To unsubscribe from this group and stop receiving emails from it, send an email to django-users...@googlegroups.com.
To post to this group, send email to django...@googlegroups.com.
Visit this group at https://groups.google.com/group/django-users.
To view this discussion on the web visit https://groups.google.com/d/msgid/django-users/2d704873-07cf-41d7-a747-0beb9ac85cfa%40googlegroups.com.
For more options, visit https://groups.google.com/d/optout.

Ryan Nowakowski

unread,
May 26, 2018, 10:34:22 AM5/26/18
to django...@googlegroups.com, Andrew Godwin
In addition to websockets, channels can be used to run background tasks that could take a long time for example a telnet connection. You can Google Django channels background tasks.

An alternative to channels for background tasks is celery.

Ryan Nowakowski

unread,
May 26, 2018, 10:45:28 AM5/26/18
to django...@googlegroups.com
Another idea: create a Django management command that does the telnet stuff and just run that periodically via Cron.

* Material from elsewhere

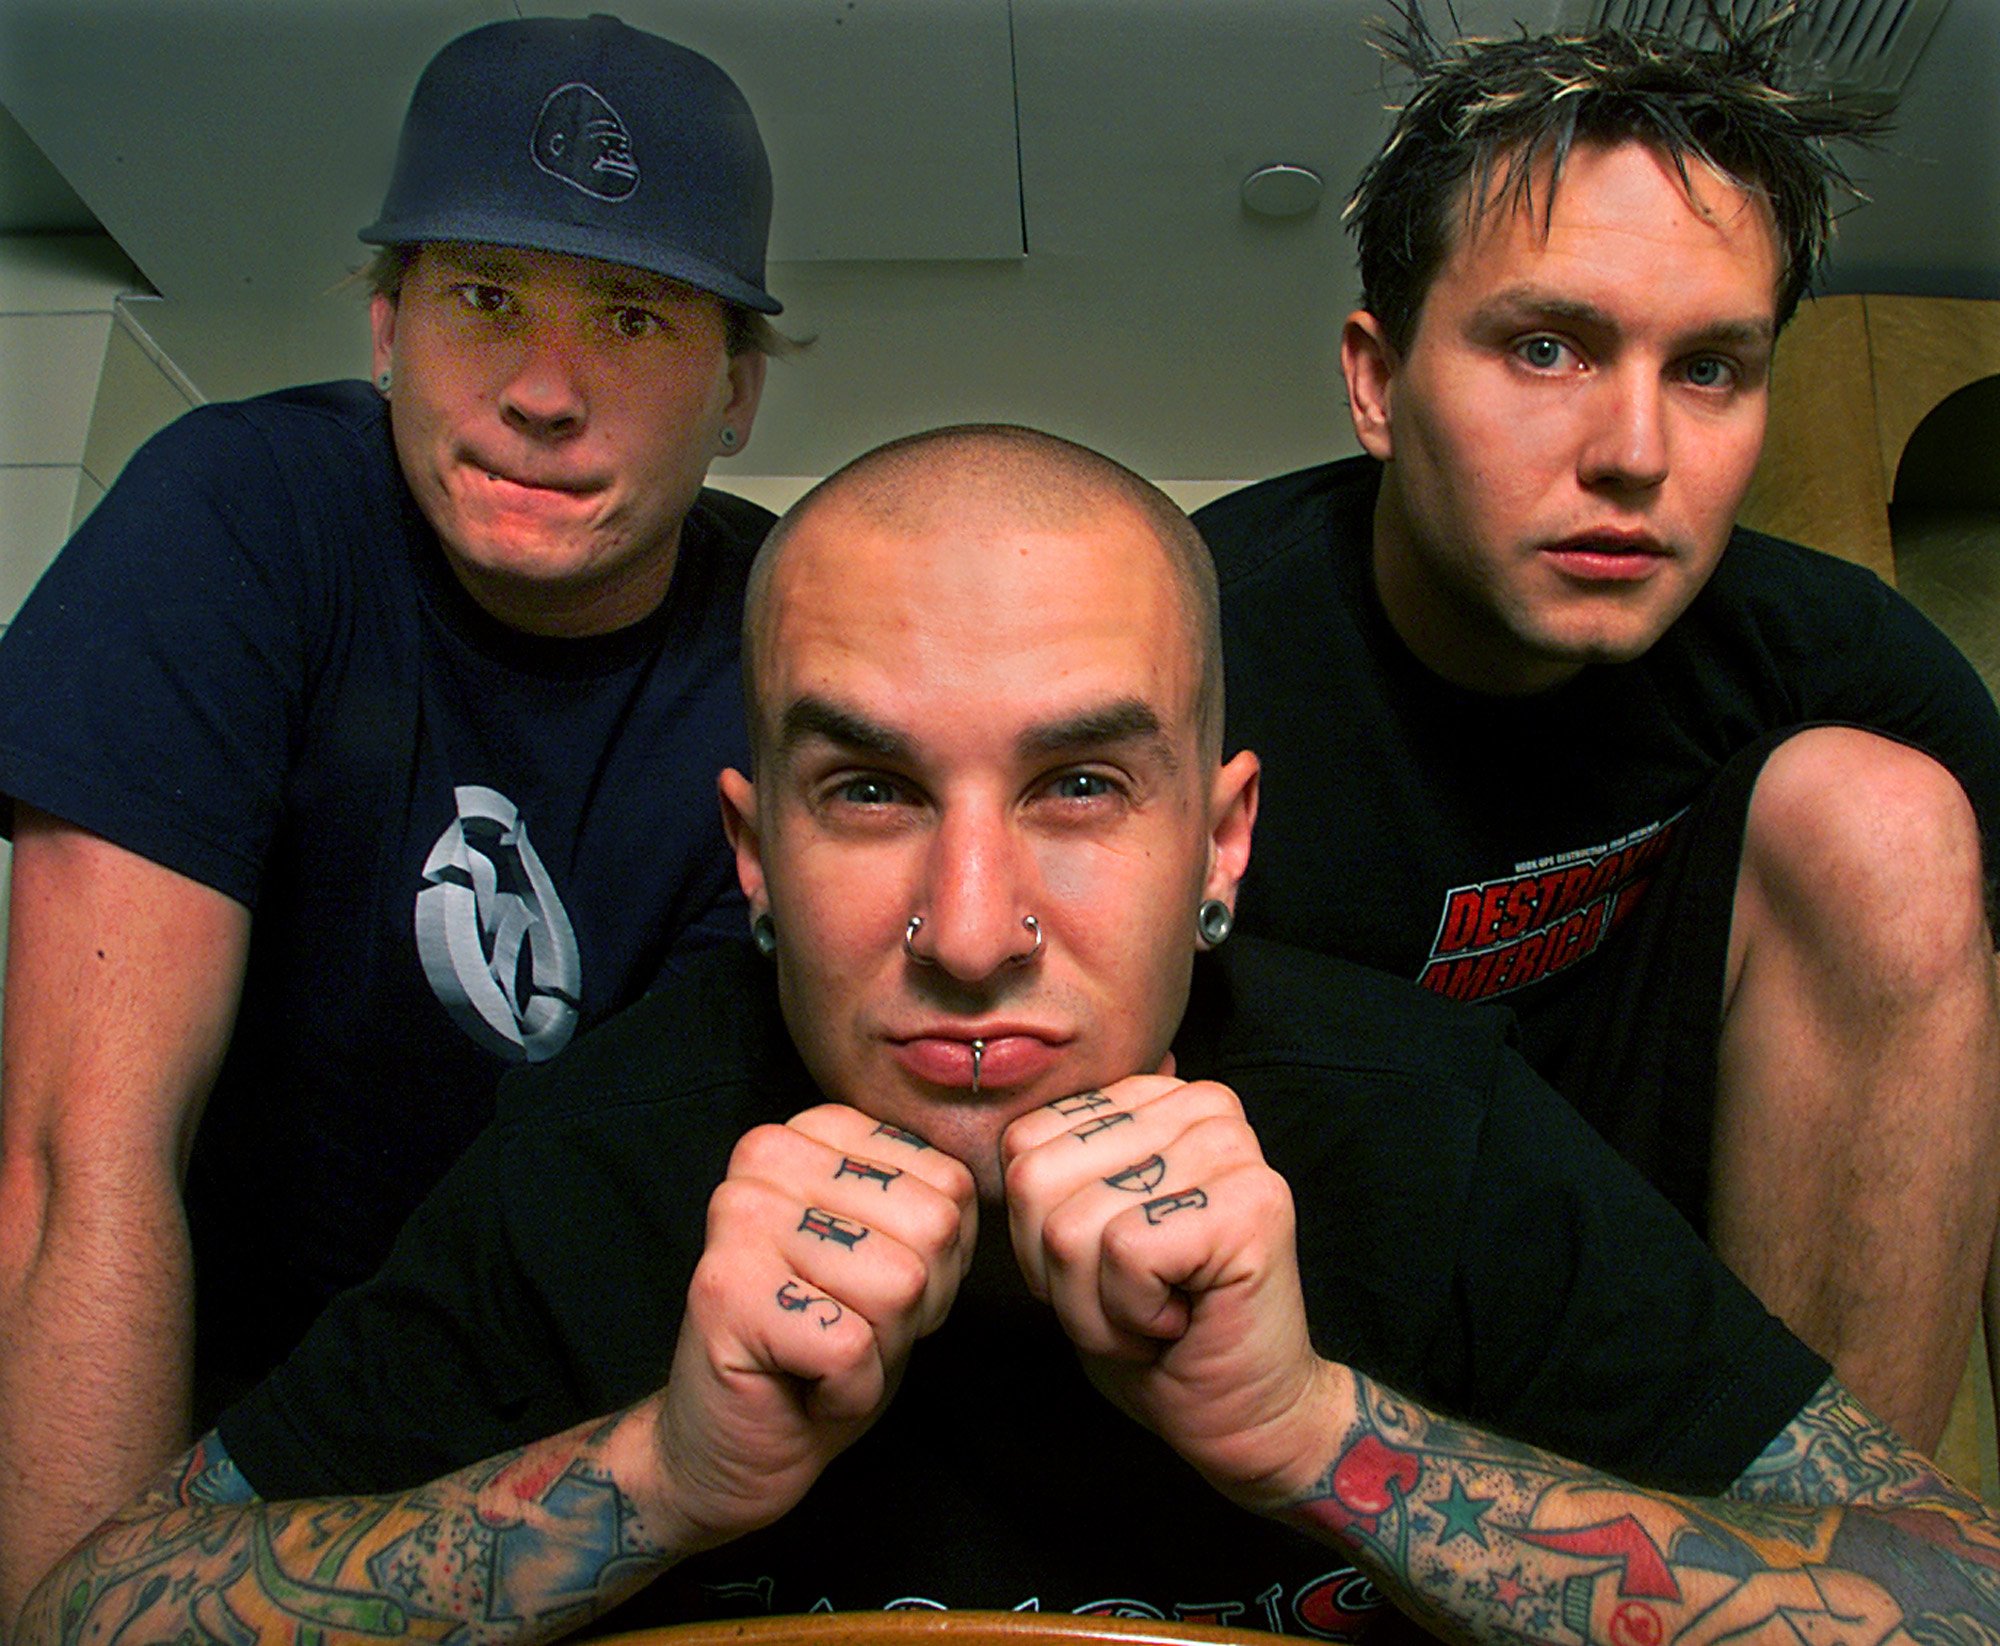 Blink-182 members Tom DeLonge, Travis Barker and Mark Hoppus pose before their performance at the Hollywood Paladium in 2001. | Source: Getty Images

You can always move to channels or celery later.

Sourabh Jaiswal

unread,
May 27, 2018, 3:52:47 AM5/27/18
to Django users
Hi Andrew,

Thanks a lot for your reply.

For a fast and easy approach I need the backend to be able to tell its status when asked by Django and be able to act when django sends some activity events.
The back end will be a long running program which will run in an infinite loop once started by django. After that django should have the capability to pause the program or stop the program Such events needs to be sent by django using HTML buttons and the back-end script should be able to act on those even and give ack that its done.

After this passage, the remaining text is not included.